Saturday, January 20, 2018

Jan. 20: Trump's one-year anniversary marked by government shutdown

The news of the day is whether or not the government will go into shutdown mode at 12:01 am on Saturday, Jan. 20th.

As I am writing this late Friday night, unless there is a major breakthrough in the next hour, this is what will happen.

The major point of disagreement is that Republicans want simply to do what the House has done:   pass a temporary funding bill without dealing with the fraught questions, like renewing the DACA program that protects "Dreamers" from being deported.

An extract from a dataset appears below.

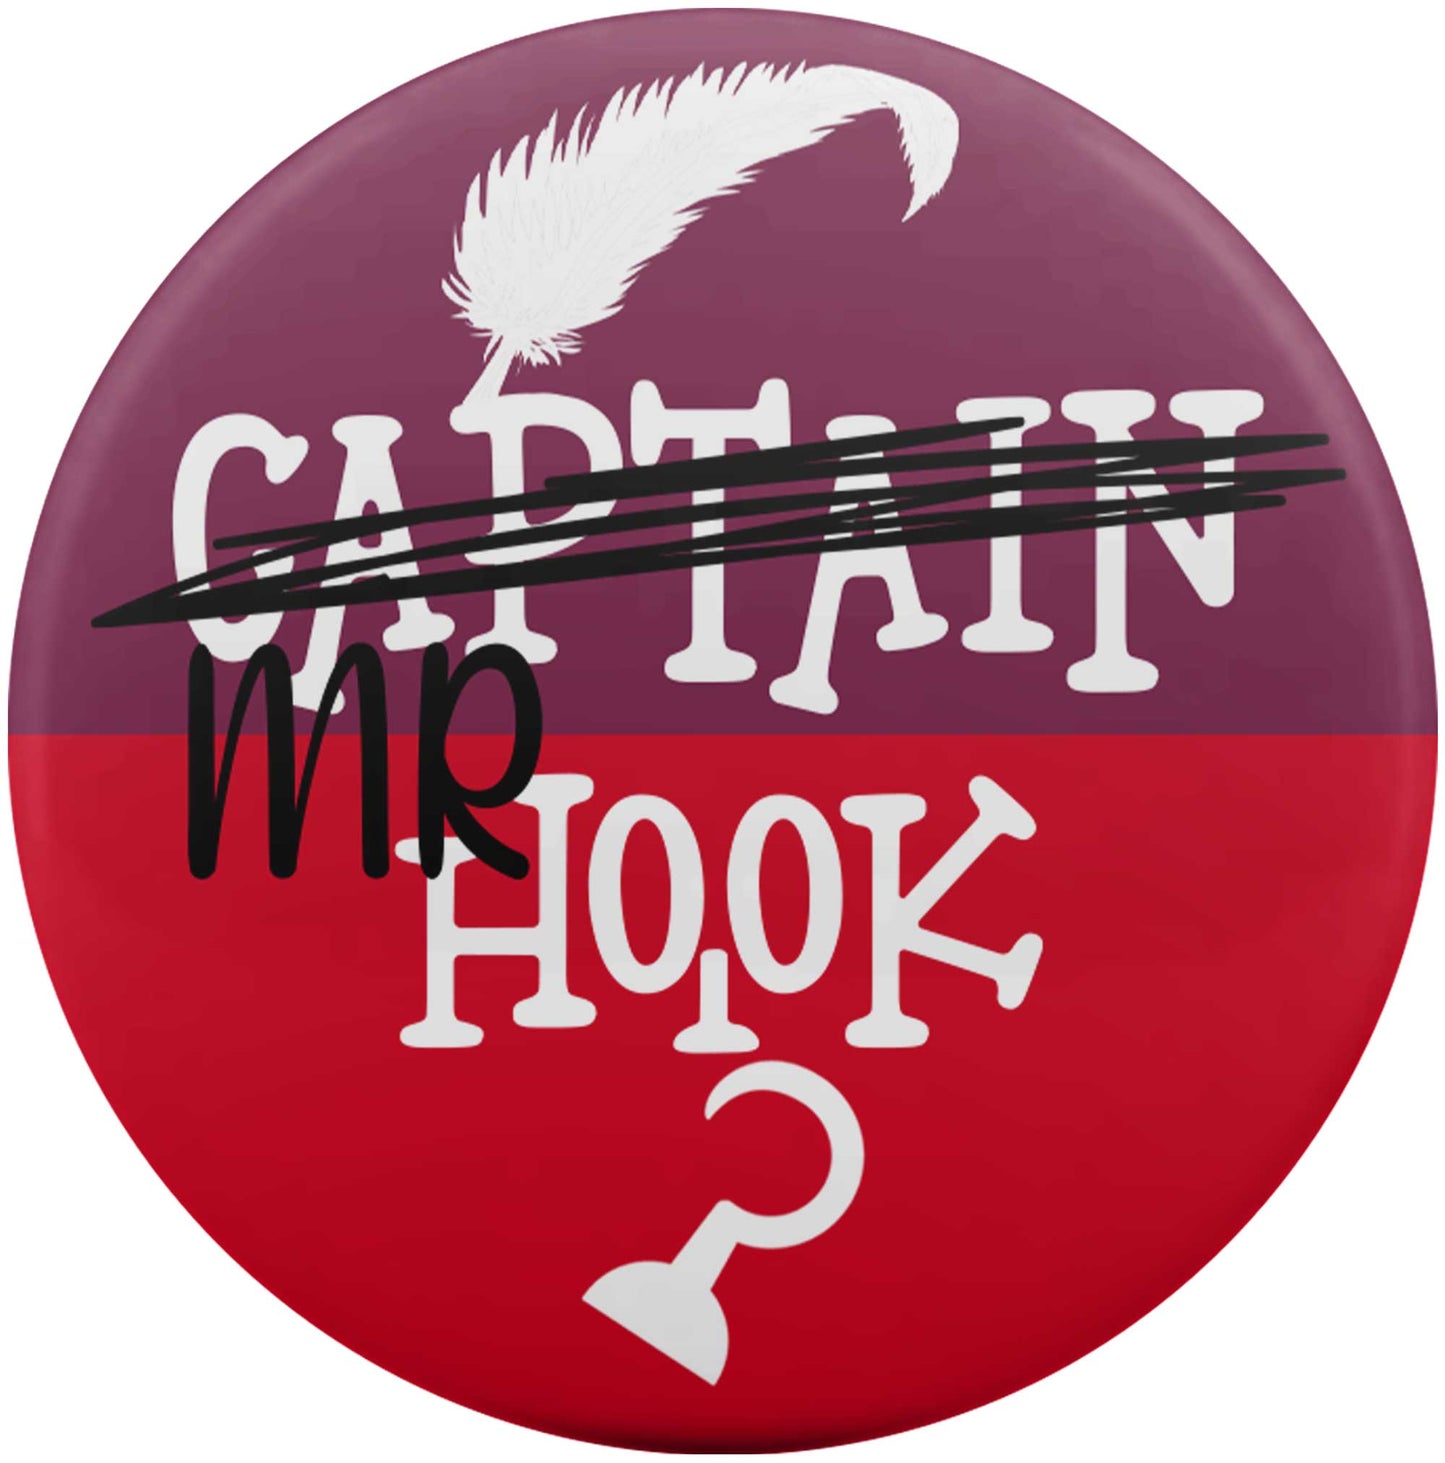 Captain Mr Hook

Just days ago, President Trump told a bipartisan group of legislators that he would sign whatever they put on his desk if both sides support it.   When they did just that, he reneged and went back to insisting that he will not agree to fixing DACA unless the bill includes funding for his Wall. 

That's where it's apparently stuck in the Senate.   The Dems know they won't have this much leverage on DACA again before the deadline Trump has already set for DACA to expire.   Why should anyone believe anything that Trump promises?  He's proved reoeatedly he won't keep his word.

We'll know in the morning -- or at 12:01 am if you're up that late.

Ralph

PS:  12:01 am.   The government is technically in shutdown.   But for the past hour there have been intense discussions and negotiations going on among senators informally gathered in small groups on the Senate floor.   They did take a vote beginning at 10:15 to proceed to debate on the House bill.   It failed to get the 60 votes necessary by Senate rules.   Five Republicans voted against their party's bill;  four Democrats voted for it -- all are up for re-election in states that Trump won.

Technically, they left the vote open with the possibility of persuading some members to change their votes.   But the Republicans were 9 votes short and didn't get any changes.  When the clock reached midnight, the shutdown was inevitable.

What is probably going to happen now is this:   Reports are that they are very close to some agreement that could pass.   So the likely plan, as of this time, is that they will try to come up with something by Monday to buy time for a bill, and then reopen the government with only a couple of days closure.  

But the image -- including a clip from 2013 of Donald Trump saying at that time:  "When there is a government shutdown, it is the president's fault" -- on the first anniversary of Trump's inauguration will be the image of the Trump Shutdown.  As Minority Leader Chuck Schumer pointed out, no one bears more responsibility for this failure than the president.  Twice he walked away from a bipartisan proposal, insisting that money for his border wall must be included.